Верочкин отец, как я уже писал, был офицером Красной армии. Во время оккупации это старались скрывать. Верочкина мать говорила, что муж оставил ее незадолго до войны и она не знает, что с ним. Что с ним на самом деле, никто тогда и впрямь не знал. До поры до времени Верочкина семья жила спокойно, но с началом 1944 года румыны словно с цепи сорвались. Предчувствие грядущего поражения озлобило их. Увеличились придирки к населению Одессы и всей Бессарабии. Людям и раньше жилось несладко, оккупация есть оккупация и никуда от этого не деться. Но после первых месяцев люди как-то приспособились, притерлись к новой власти и старались жить так, чтобы не умереть с голоду и не иметь неприятностей. Полностью от неприятностей никто не был застрахован. Несмотря на то что оккупационные власти любили рассуждать о законности, любого человека могли схватить на улице как заложника и казнить без какой-либо вины. Гитлер и Антонеску видели в этом следование традициям Древнего Рима[86], нормальные люди считали это зверством. Весной 1944-го прежняя жизнь казалась одесситам райской, спокойной. Верочкину семью из-за ее отца, служившего в Красной армии, власти собрались отправить на работы в Германию. Это означало разлуку, каторжный труд, вероятную гибель. Повестка из комендатуры была вручена накануне моего приезда.

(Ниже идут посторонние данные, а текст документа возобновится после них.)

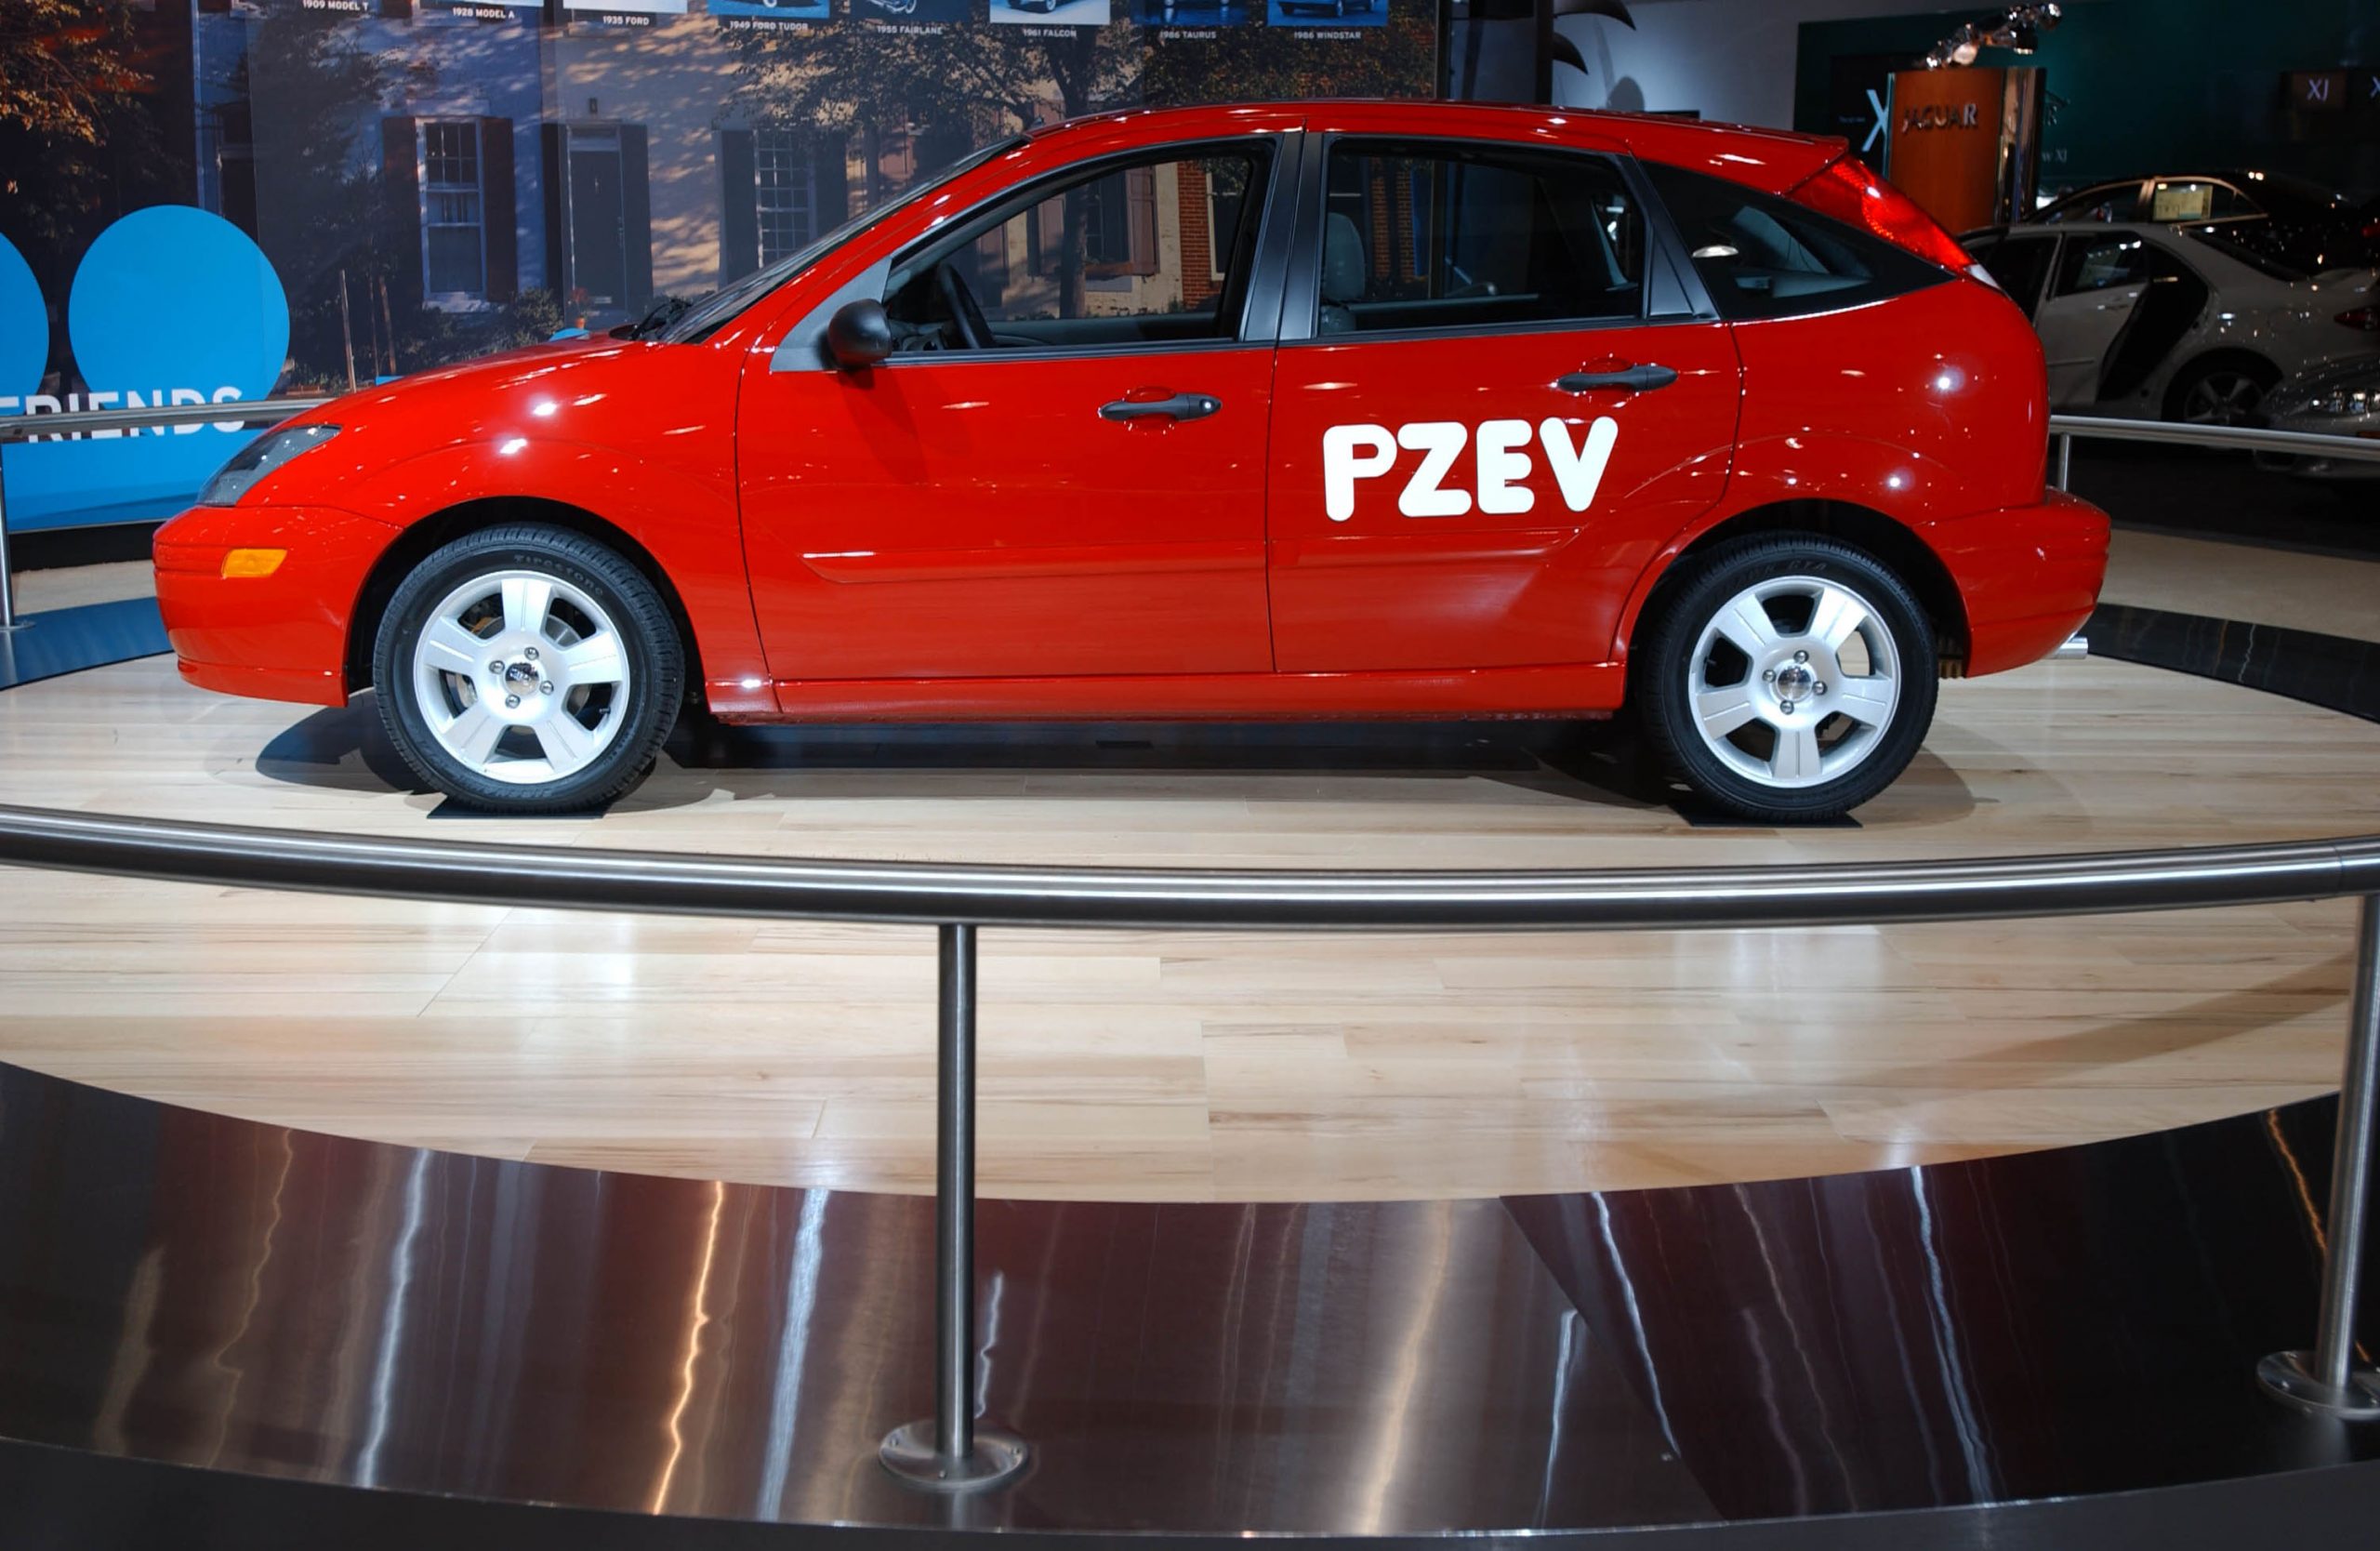 A Ford Focus PZEV on display at an auto show

Придя в ужас, я спросил совета у Михаила. Я надеялся, что дело можно решить при помощи взятки, как это обычно делалось в Одессе. «Уезжайте немедленно! — посоветовал мне Михаил. — Куда угодно, только с глаз долой. Искать вас никто не станет. Не до того им теперь». Я послушался совета. В ночь на 22 марта мы впятером покинули Одессу на поезде. Взяли с собой только самое необходимое, что можно было увезти. Поезд шел в Германию через Тимишоару, минуя Бухарест. Мы вышли на станции Либлинг. Я устроил Верочку и ее родных на постой у пожилой немецкой четы, а сам уехал в Бухарест. Верочке и ее родным нужно было разрешение на проживание в Бухаресте, поэтому я не мог забрать их с собой. В Транснистрии они могли жить без какого-либо разрешения, поскольку были одесситами. Но по бюрократическим правилам в Бухаресте им без разрешения жить было нельзя, несмотря на то что и Транснистрия, и Бухарест были одной и той же страной — Румынией.
Приехав в Бухарест, я не узнал города. Бухарест всегда был красивым, ярким, веселым городом, где жизнь кипела ключом. Теперь же я попал в унылый серый город. В атмосфере витал страх — ой, что же с нами будет? Слухи ходили самые разные, но все они были мрачными.

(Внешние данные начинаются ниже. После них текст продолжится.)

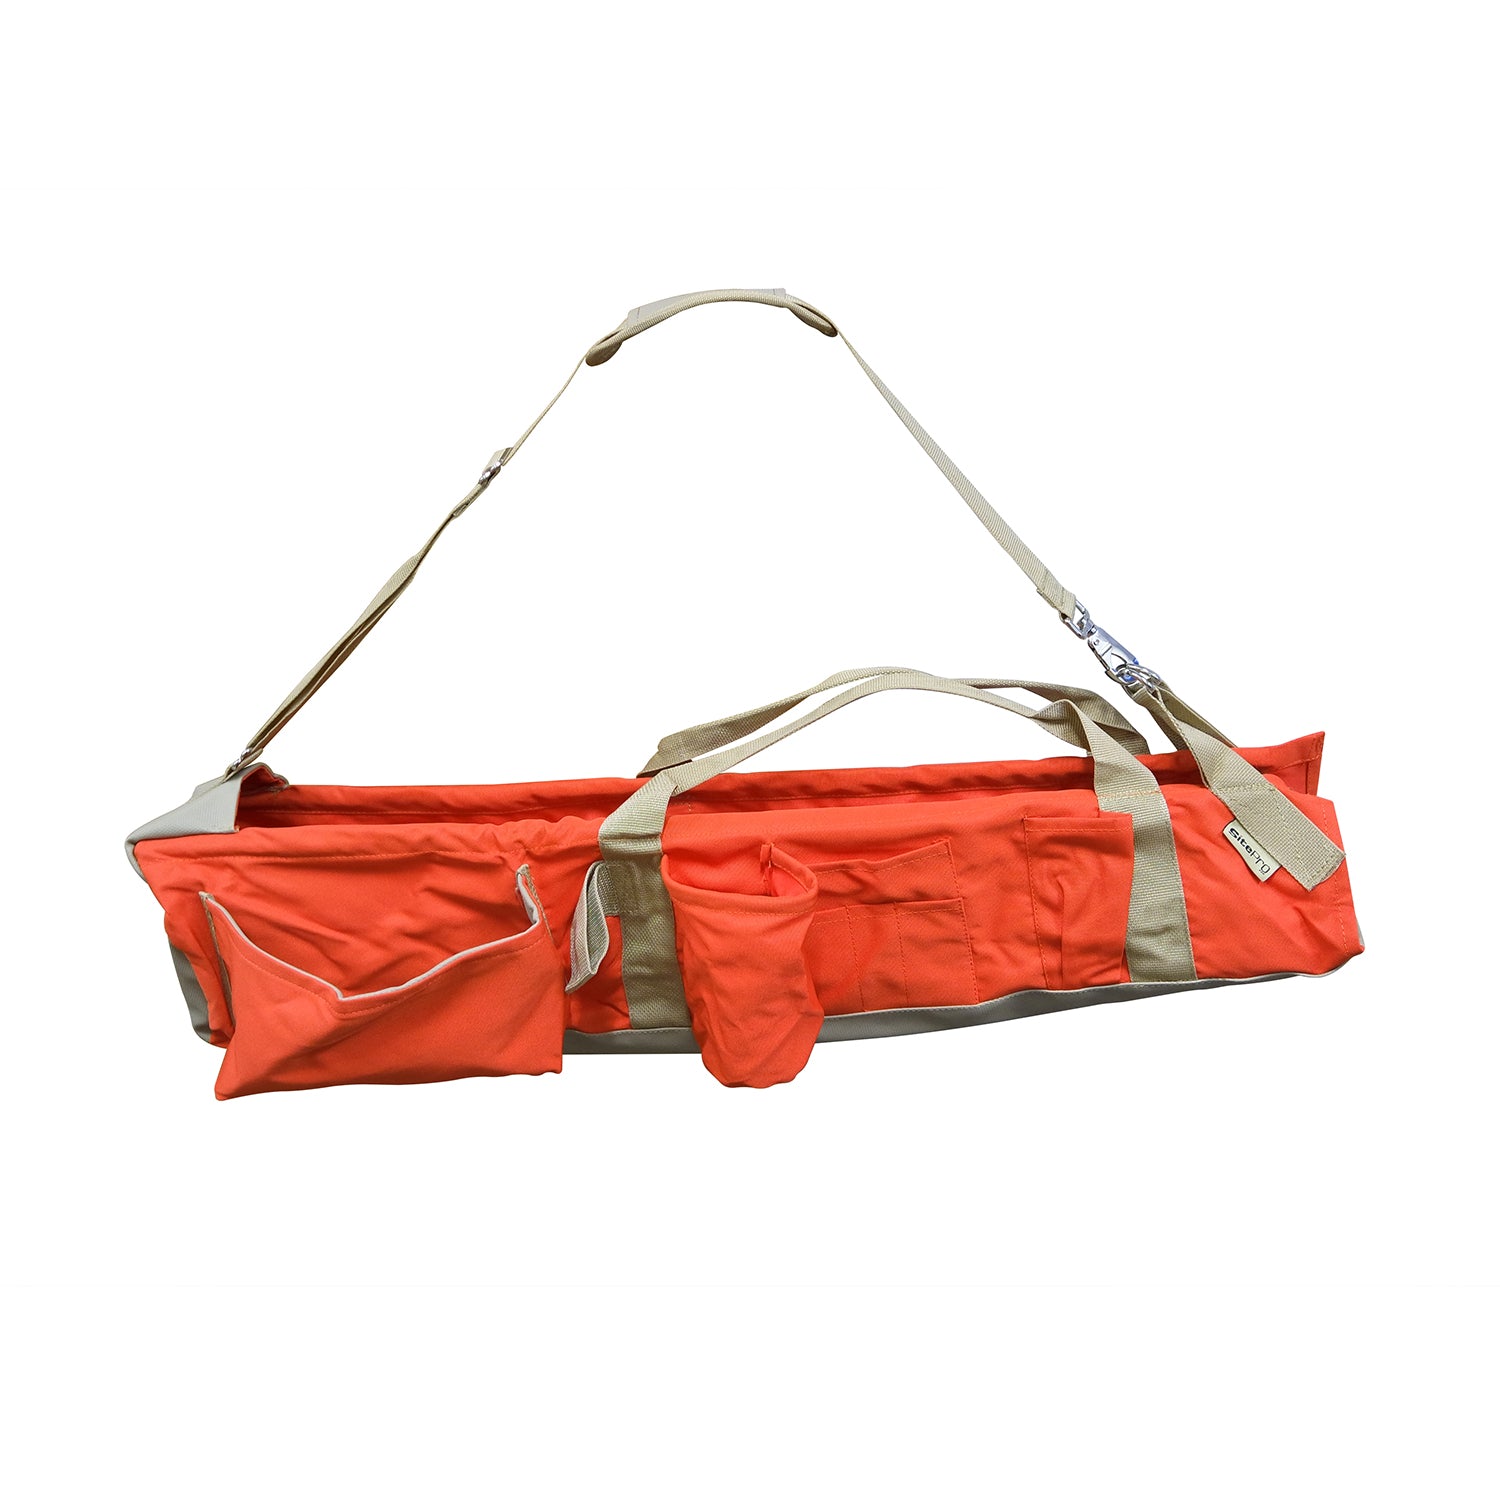 SitePro 38 Inch Heavy Duty Lath Bag with Handles -Surveying Bags- eGPS Solutions Inc.

Мама встретила меня с огромной радостью. Я писал ей из Крыма, старался как мог успокоить, объяснял, что сижу в штабе, далеко от передовой, но она все равно волновалась. А накануне моего приезда увидела меня во сне, и то был вещий сон. Чувствовала она себя сносно. Болезнь ее была такого рода, что временами обострялась, а временами утихала, и всякий раз, как она утихала, мы надеялись, что мама выздоровела, что впредь все будет хорошо. Но наставал день — и все начиналось заново… Но тогда, весной 1944 года, у мамы все было хорошо.